WORK INSTRUCTION: Begin at the first line of the records below and, please, give each line again exactly until the line with "Picturesque View of" is included.

Collection entries:
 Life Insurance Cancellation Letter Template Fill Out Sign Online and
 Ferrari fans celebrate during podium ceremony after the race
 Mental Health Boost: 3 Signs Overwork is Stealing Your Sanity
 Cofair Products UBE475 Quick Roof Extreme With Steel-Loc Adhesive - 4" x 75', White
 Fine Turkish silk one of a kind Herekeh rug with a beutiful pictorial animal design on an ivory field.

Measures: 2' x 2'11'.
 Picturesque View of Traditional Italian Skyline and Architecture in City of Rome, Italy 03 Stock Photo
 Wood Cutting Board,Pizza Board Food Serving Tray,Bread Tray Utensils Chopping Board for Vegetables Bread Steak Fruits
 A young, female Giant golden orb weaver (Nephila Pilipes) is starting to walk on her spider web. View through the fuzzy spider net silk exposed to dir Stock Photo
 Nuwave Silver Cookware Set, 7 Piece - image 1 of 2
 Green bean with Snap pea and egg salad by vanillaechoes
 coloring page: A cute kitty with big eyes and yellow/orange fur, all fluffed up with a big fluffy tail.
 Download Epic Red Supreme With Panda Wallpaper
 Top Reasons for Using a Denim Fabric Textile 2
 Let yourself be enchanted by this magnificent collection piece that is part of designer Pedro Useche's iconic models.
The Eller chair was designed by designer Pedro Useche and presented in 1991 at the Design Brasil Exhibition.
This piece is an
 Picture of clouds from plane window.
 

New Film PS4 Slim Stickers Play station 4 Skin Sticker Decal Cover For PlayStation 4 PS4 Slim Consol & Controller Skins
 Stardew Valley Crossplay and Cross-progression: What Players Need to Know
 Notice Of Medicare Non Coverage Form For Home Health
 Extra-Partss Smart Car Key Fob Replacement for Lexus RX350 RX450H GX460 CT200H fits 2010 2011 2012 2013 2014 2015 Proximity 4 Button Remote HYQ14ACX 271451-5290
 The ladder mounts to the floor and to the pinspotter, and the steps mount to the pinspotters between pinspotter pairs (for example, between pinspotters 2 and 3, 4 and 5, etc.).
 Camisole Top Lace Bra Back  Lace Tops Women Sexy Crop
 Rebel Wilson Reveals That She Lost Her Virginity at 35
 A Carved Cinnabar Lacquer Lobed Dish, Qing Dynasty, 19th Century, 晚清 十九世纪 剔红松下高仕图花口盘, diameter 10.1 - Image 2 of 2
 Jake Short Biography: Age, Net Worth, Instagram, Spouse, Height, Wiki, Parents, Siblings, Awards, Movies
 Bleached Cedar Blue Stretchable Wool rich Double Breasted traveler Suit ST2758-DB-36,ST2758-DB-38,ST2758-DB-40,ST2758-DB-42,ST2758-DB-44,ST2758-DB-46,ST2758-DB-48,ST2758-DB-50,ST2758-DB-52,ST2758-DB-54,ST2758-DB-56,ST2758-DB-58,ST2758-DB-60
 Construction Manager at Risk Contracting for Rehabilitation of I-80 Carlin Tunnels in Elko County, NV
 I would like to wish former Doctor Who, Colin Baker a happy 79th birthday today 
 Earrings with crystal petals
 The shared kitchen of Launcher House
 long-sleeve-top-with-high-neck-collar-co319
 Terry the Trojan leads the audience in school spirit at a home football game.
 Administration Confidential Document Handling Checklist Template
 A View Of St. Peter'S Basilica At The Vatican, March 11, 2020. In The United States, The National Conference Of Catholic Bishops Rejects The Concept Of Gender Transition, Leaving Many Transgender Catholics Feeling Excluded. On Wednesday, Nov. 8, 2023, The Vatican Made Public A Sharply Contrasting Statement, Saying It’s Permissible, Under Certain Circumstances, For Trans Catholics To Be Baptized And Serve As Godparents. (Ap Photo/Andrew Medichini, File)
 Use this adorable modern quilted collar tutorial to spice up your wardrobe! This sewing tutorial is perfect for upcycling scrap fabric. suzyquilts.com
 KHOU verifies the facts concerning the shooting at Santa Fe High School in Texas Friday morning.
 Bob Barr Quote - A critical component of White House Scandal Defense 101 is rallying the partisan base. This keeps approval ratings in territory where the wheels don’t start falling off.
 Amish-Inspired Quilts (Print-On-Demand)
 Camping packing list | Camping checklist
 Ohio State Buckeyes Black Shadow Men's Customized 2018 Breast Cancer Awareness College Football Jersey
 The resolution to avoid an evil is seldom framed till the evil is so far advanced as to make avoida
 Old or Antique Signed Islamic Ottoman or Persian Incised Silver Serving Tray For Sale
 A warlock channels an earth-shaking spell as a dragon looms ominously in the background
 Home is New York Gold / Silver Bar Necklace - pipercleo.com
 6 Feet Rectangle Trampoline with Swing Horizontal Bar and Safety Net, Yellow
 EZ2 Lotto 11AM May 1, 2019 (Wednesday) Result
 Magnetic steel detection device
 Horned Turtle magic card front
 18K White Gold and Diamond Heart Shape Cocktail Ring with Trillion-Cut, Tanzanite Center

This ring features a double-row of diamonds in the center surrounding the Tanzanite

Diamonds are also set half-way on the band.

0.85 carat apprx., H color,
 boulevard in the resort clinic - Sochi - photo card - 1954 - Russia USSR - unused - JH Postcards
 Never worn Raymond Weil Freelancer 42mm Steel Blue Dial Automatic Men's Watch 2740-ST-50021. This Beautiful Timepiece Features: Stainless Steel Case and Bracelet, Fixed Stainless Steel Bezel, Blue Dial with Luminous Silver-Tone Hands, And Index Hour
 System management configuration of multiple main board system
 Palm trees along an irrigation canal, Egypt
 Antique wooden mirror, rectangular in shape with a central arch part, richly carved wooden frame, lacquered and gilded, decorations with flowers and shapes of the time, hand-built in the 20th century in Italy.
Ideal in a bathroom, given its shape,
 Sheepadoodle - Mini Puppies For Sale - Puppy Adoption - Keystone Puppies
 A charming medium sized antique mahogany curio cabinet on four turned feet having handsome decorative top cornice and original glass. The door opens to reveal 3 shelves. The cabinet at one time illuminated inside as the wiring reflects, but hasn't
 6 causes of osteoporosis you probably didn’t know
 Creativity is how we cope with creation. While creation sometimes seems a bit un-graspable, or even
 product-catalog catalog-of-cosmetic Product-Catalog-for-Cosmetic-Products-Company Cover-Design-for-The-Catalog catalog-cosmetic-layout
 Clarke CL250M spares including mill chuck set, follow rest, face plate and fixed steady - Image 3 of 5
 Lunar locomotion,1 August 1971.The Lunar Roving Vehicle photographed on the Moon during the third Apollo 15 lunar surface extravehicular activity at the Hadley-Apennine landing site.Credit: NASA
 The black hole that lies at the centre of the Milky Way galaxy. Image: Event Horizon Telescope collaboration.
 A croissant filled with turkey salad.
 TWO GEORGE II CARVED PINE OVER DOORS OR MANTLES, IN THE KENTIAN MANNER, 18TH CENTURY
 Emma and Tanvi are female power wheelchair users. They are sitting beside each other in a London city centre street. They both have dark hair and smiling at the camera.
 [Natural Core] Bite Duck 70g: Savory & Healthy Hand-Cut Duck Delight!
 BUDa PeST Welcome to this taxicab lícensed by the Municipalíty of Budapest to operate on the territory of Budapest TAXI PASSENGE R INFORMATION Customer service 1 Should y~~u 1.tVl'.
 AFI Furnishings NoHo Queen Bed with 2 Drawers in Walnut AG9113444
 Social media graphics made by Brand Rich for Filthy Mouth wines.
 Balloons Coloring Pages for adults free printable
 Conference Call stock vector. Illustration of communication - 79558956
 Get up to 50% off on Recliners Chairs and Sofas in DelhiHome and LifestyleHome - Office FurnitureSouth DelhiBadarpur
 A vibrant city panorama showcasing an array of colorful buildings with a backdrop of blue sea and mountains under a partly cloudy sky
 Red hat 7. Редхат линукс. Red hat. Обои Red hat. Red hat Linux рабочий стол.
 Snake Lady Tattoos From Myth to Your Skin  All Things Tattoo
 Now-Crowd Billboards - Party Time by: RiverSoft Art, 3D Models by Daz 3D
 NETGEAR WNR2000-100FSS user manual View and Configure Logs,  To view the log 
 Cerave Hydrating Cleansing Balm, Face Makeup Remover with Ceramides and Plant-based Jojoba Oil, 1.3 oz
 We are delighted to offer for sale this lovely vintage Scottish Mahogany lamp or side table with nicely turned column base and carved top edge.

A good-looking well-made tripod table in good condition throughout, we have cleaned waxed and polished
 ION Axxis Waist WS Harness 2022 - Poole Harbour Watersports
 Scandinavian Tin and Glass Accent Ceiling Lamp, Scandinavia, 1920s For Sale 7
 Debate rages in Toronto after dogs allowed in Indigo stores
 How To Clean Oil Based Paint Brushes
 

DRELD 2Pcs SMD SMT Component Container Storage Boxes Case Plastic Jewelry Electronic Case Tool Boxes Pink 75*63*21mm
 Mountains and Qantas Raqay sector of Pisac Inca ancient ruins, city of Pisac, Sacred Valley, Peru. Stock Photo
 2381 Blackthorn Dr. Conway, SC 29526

TASK RESULT:
 Life Insurance Cancellation Letter Template Fill Out Sign Online and
 Ferrari fans celebrate during podium ceremony after the race
 Mental Health Boost: 3 Signs Overwork is Stealing Your Sanity
 Cofair Products UBE475 Quick Roof Extreme With Steel-Loc Adhesive - 4" x 75', White
 Fine Turkish silk one of a kind Herekeh rug with a beutiful pictorial animal design on an ivory field.

Measures: 2' x 2'11'.
 Picturesque View of Traditional Italian Skyline and Architecture in City of Rome, Italy 03 Stock Photo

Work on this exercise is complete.